Попрощавшись, я отправился к тетушке Краб, отдав ей свой «улов» вместе с ведерком. Она сразу же села чистить рыбу, пообещав угостить меня отменным блюдом: окуни, запеченные в сметанно-чесночном соусе с добавлением свежетоматного сока и гарниром из мелко порубленного папоротника. Нечто страшное. Но, как оказалось, весьма вкусное. Попутно она мне рассказывала о своем «улове», о той информации, которую ей удалось раздобыть через своих подружек-старушек. Мой «Ватсон» поработал на славу. Выяснилось, что за несколько дней до смерти дедуля имел весьма неприятные контакты, перешедшие в ссору, с тремя лицами. С проповедником Монком, с пекарем Раструбовым и, как ни странно, со своим ближайшим другом — кузнецом Ермольником.
— Давайте поконкретнее, тетушка, — сказал я, усаживаясь поудобнее. — В деталях. Главное подозреваемое лицо все же доктор Мендлев — у него с ним была давняя профессиональная вражда. Ну а с этими-то тремя что?
— Соседка моя, Марфа Терентьевна, видела, как накануне своей гибели Арсений стоял вместе с Монком возле его капища, а затем — ни с того ни с сего — вдруг как хвать его за козлиную бороду, да и потащил за собой. Метра три тянул, пока тот не вырвался и не убежал. Никто этого больше не видел, только она. Марфа-то тогда чуть со смеху не померла, говорит.
— Забавно. Дальше.
— Другая моя приятельница, Степанида, зашла как-то в пекарню, а там Арсений и Кимка, кричат друг на друга, ссорятся. А потом Арсений не выдержал и влепил ему здоровенную плюху. Так Раструбов аж в мешки с мукой повалился, весь обсыпался. А когда Арсений к выходу пошел, так пекарь ему и просипел вслед: дескать, убьет его за это. Степанида все это слышала, хотя и стояла в сторонке. Но в чем суть ссоры — не знает.
— Еще одно оскорбление действием, — заметил я. — Дедуля-то наш драчун был, а?
— Что ты! Рука тяжелая, — согласилась тетушка и покраснела. Видно, и ей кое-чего перепало от дедушкиных ласк.
— Ну а кузнец? Он-то в чем провинился?
— Говорила я с Зинаидой, продавщицей нашей из магазина…
— Стоп! — прервал ее я. — При этом присутствовали покупатели?
— Да… были… — растерянно ответила она.
— Ну вот и напрасно. Я же предупреждал, что надо действовать осторожно, расспрашивать наедине. Что же вы такая непослушная, тетушка? Ну ладно, продолжайте.
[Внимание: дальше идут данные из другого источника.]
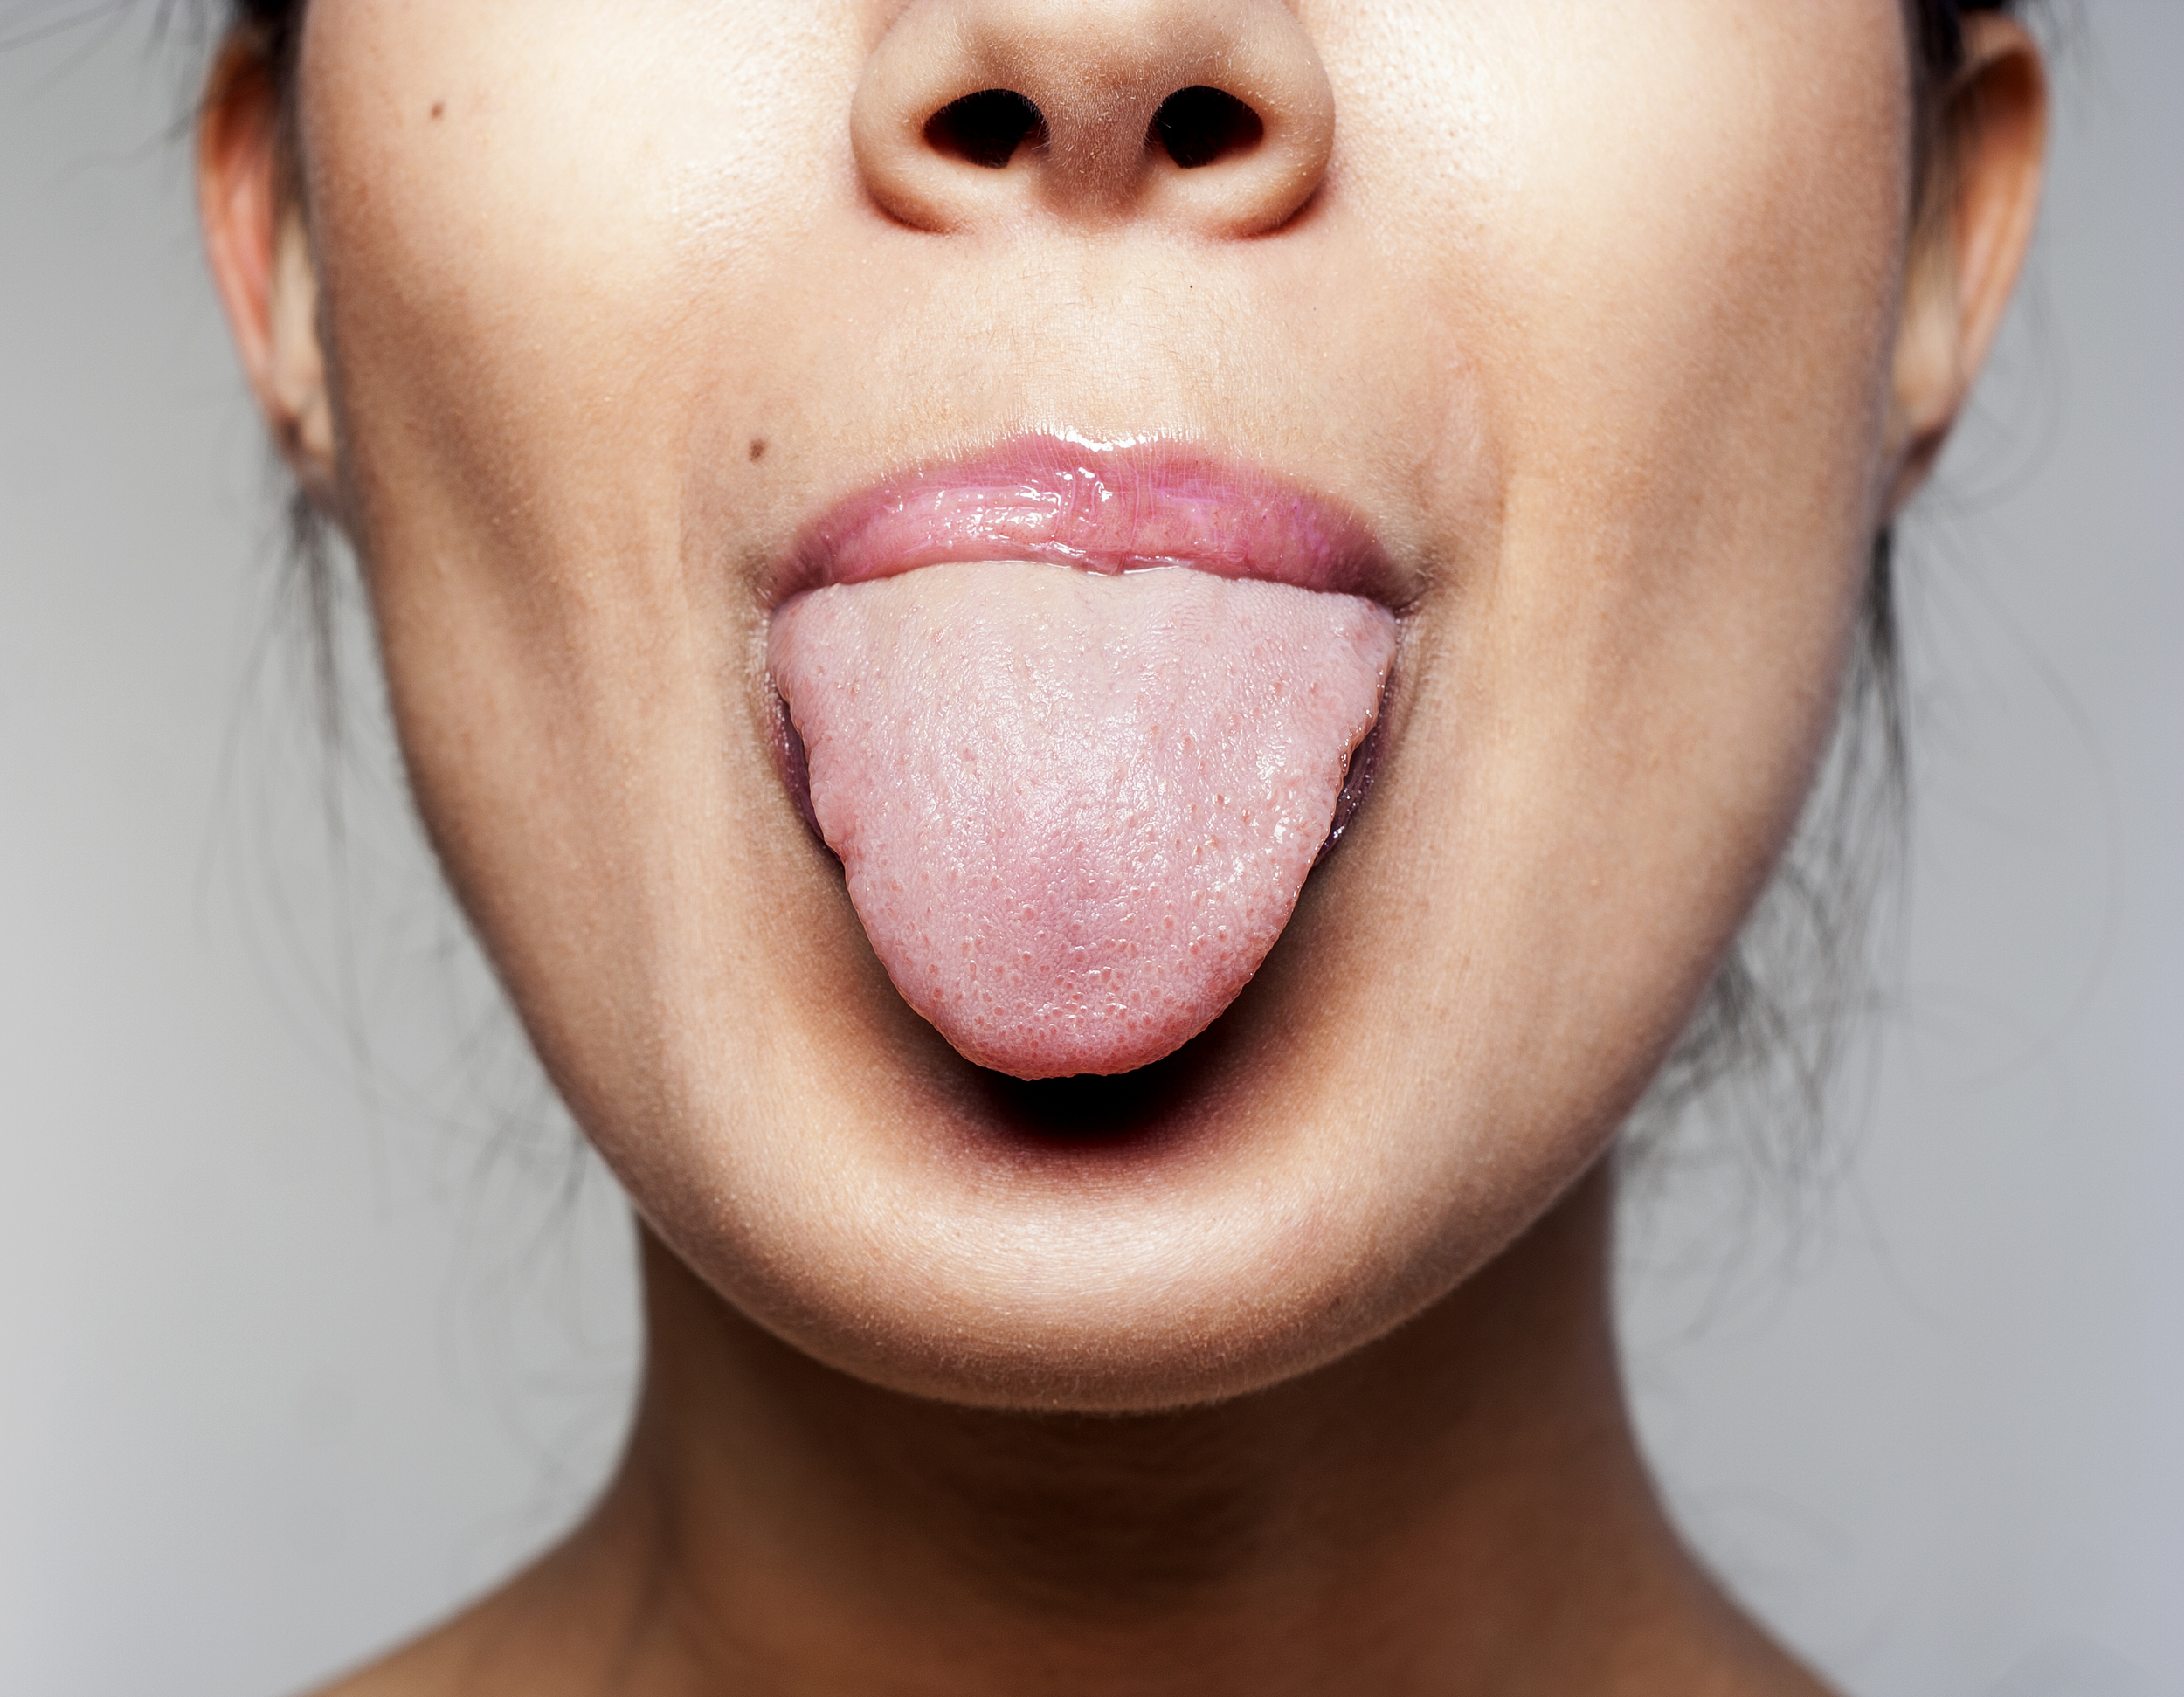 Woman Tongue Out

— За день до его исчезновения пошла она в кузницу. Только дошла, а из дверей Арсений выскакивает, сам не свой, аж трясется весь. Обернулся назад и кричит: «Старый ты дурак, Потап, такой ты сякой! Видеть тебя не могу! Верни, что у меня брал, иначе худо будет!» И пошел прочь.
— Так и сказал?
— Слово в слово.
Я задумался. Это уже было что-то серьезное, горяченькое. Мог ли Ермольник убить моего деда за какую-то вещь, которую тот ему дал? Выходит, сегодня днем он водил меня за нос? Или… или их ссора не стоит и выеденного яйца? Друзья порой частенько бранятся. Надо было выяснить: что требовал дед от кузнеца? То, что было дорого для них обоих, или просто какие-нибудь портняжьи ножницы? И в зависимости от этого — плясать дальше. А вообще-то у меня выходила какая-то странная «пляска»: то гопак с массовкой, то в одиночестве вприсядку, то смертельное и завораживающее танго с невидимым убийцей.